The SP is about the same size as the P229 just lighter due to the polymer frame. Max mag capacity is 15 (depending on where you live). With the P228/229 you can use the higher capacity P226 mags as they will fit and work. I've got several 17 round P226 mags for my P228 and used the "X-Grip" plate to cover the gap at the base. Fully functional and cosmetically cleaner than having the naked mag extension stick out.

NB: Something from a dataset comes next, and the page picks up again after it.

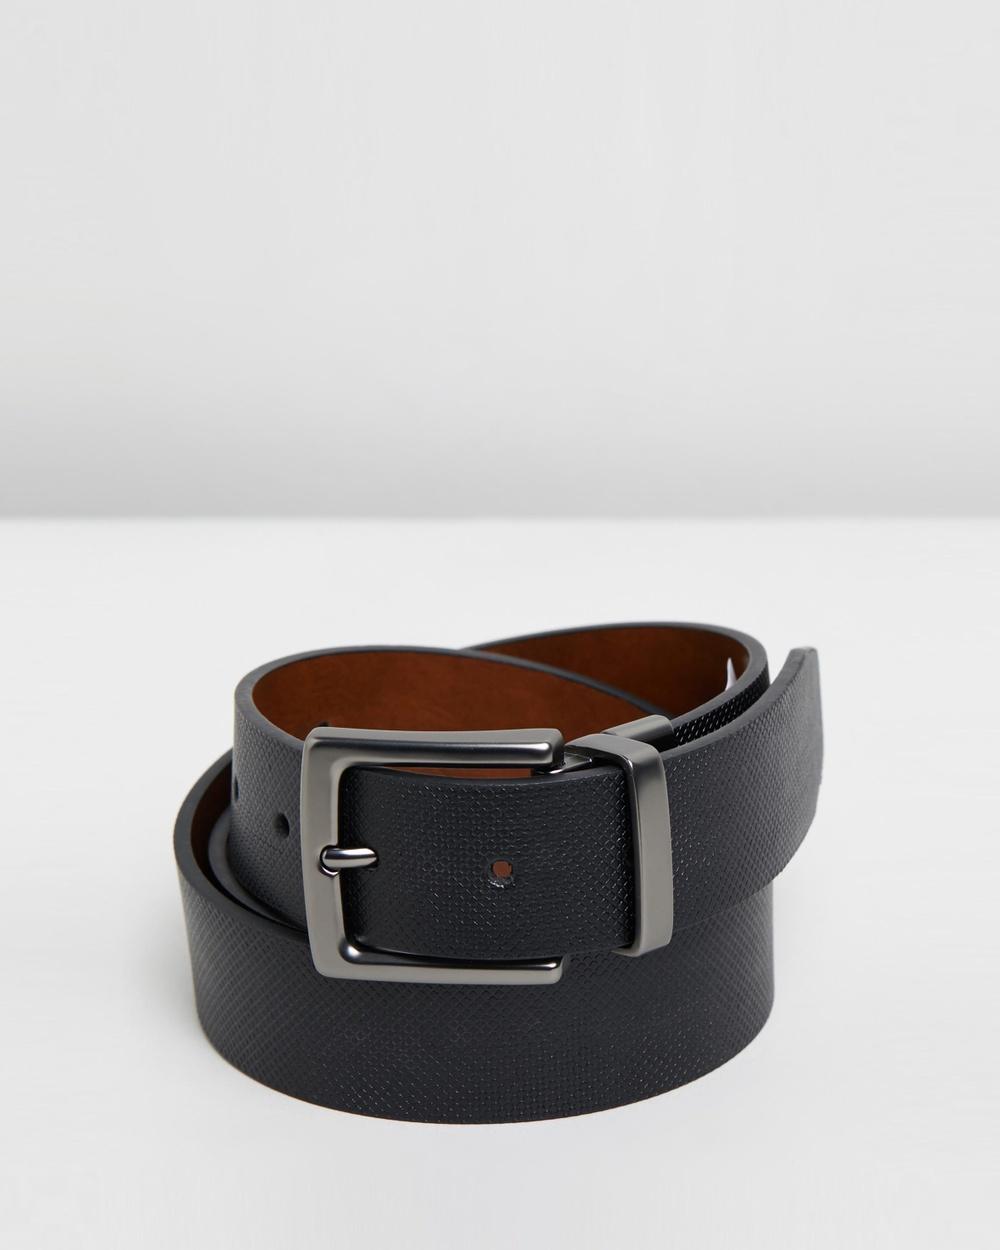 Ben Sherman Reversible Casual Belt Belts Black & Tan

Since you work for a private firm, you may want to check into the policy before going the route of the P226 mag capacity in the P229 you currently have. If 15 is the max you can carry, then either you P229 or the SP will be fine. Comes down to weight and personal preference. The SP has one of THE most underrated triggers ever. After it breaks in, it only get better.


----------



## unpecador (May 9, 2008)

My younger bro owns a SP2022 and it's a very nice gun and fun to shoot. IMO would be an excellent side arm. I have no experience with the P226 so I cannot compare. There is also a substantial price difference between the two with the SP2022 being less expensive and depending on the caliber, mag cap, etc.

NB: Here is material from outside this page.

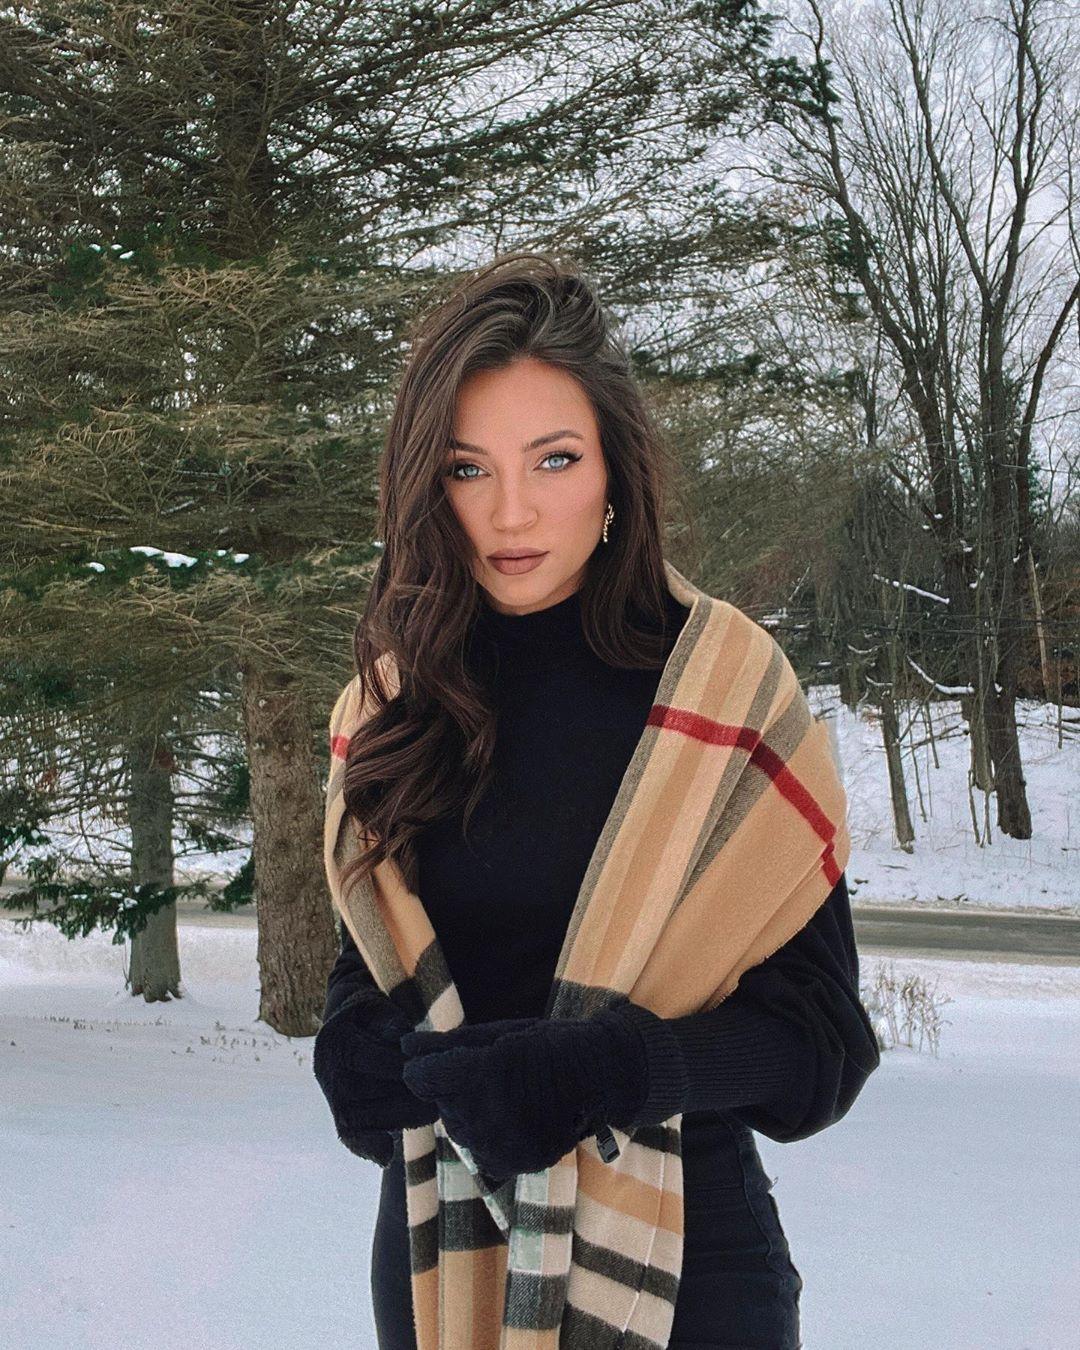 Stephanie Ledda on Instagram: New hair. New Video. 💇🏻🎥 It

If you shop online, you can get a good deal on a SP2022 9mm right now here... http://www.impactguns.com/store/798681295630.html


----------



## Growler67 (Sep 8, 2008)

Deal here by a trusted vendor and member on another forum: http://www.topgunsupply.com/handguns-sig-sauer-sigpro/

$50 difference between standard sights and night sights.


----------



## JeffsSig (Jul 13, 2008)

The SP2022 is my FAV gun!
I think it is very under priced.

You cant buy a better triger.
It is my "go to gun"

I also have a 226.


----------



## Vanguard1987 (Aug 2, 2008)

+1 on the SP2022 Jeff.

I don't have a lot of experience to draw upon but my new SP2022 9mm is very easy to shoot. I have used it in steel plate matches, bullseye, concealed carry, dry fire, etc. It came with nite sights that work well and it also came with two 15 round magazines. No extra safeties needed, solid trigger pull and comfortable (safe feeling) carry on double action. 

A little bulky for concealed carry but I take it with me anyway. Never malfunctions and you can shoot all day without discomfort. I'm a Sig fan and a SP2022 fan.


----------